Rousseff, Neves Neck-And-Neck ahead of Brazil Runoff


Rousseff, Neves Neck-And-Neck ahead of Brazil Runoff

TEHRAN (Tasnim) - Pro-business opposition candidate Aecio Neves gained support and is running neck-and-neck with leftist President Dilma Rousseff ahead of Brazil's Oct. 26 presidential runoff, two polls showed.

The tight race highlights why Neves is actively seeking an endorsement from popular environmentalist Marina Silva, who finished third in the election's first round on Sunday with 22 million votes.

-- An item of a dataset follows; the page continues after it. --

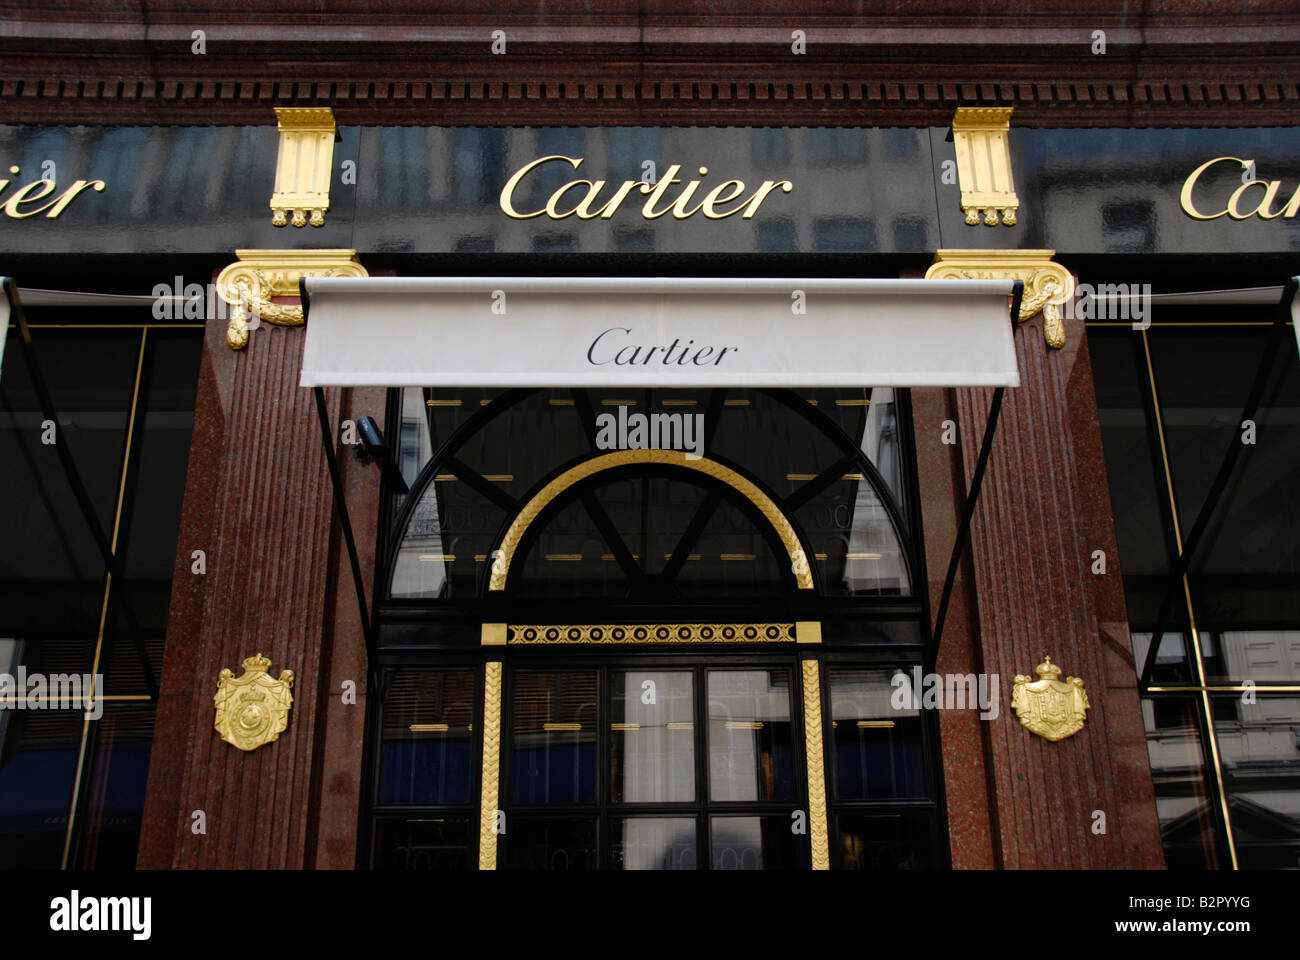 cartier shops england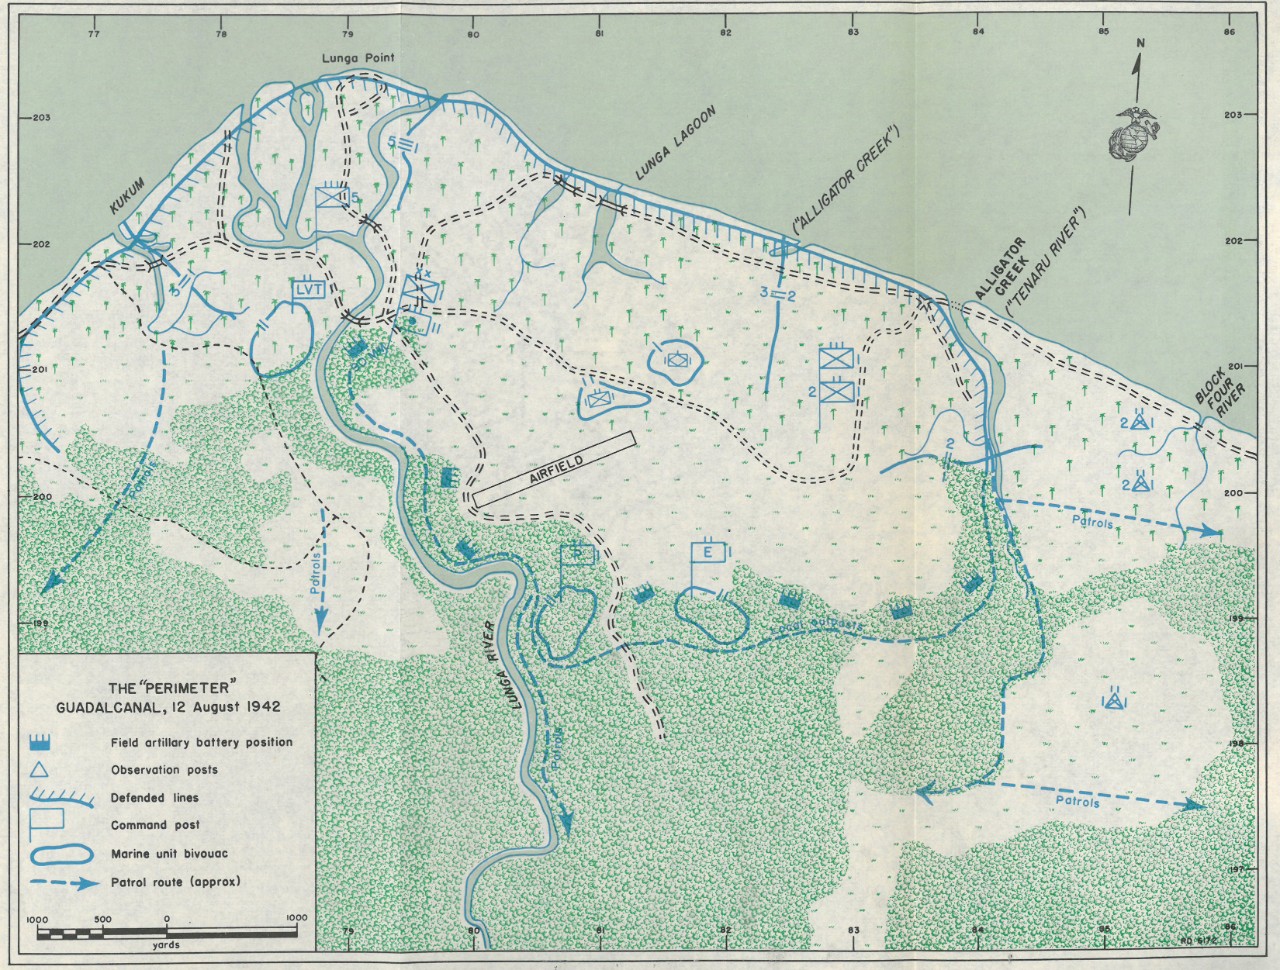 Map 6: The "Perimeter" - Guadalcanal, 12 August 1942

Neves has 46 percent support against 44 percent for Rousseff, surveys by the Datafolha and Ibope polling firms showed. Excluding undecided voters, spoiled and blank survey responses, Neves had 51 percent against 49 percent for Rousseff.

The gap between them is statistically insignificant because it is within the margin of error of both polls, meaning the race remains too close to call at this point, Reuters reported.

The polls were the first by Brazil's two major polling firms since Sunday's first-round vote in which Rousseff won 41.6 percent of the votes cast to 33.6 percent for Neves, a difference of 8 million votes.

Neves, a centrist senator who is an investor favorite, had trailed Silva for most of the campaign but surged late to secure a spot in the runoff. Brazilian financial markets rallied early in the week after Neves's strong showing, hoping that his momentum heading into the second round would give him a solid lead over Rousseff.

To unseat Rousseff and put an end to 12 years of Workers' Party rule, Neves is trying to woo voters who backed Silva and other opposition candidates in the first round.

Silva's Brazilian Socialist Party backed Neves on Wednesday, but she wants to see him formally embrace some key points from her campaign platform before offering a personal endorsement.

A Silva aide, Pedro Ivo, said she is seeking "progressive" commitments to defend the rights of Brazilian Indians and landless peasants, issues that are not part of Neves's platform. She also wants Neves to commit to "sustainable development," a key concept of her campaign.

Silva also came in third in the last presidential election, when she ran on the Green Party ticket. In the 2010 runoff, she remained neutral instead of endorsing a candidate.

This time, though, Silva looks inclined to throw her weight behind Neves following an acrimonious campaign in which the Rousseff camp ran a flurry of attack ads portraying Silva as a serial flip-flopper beholden to a greedy financial elite.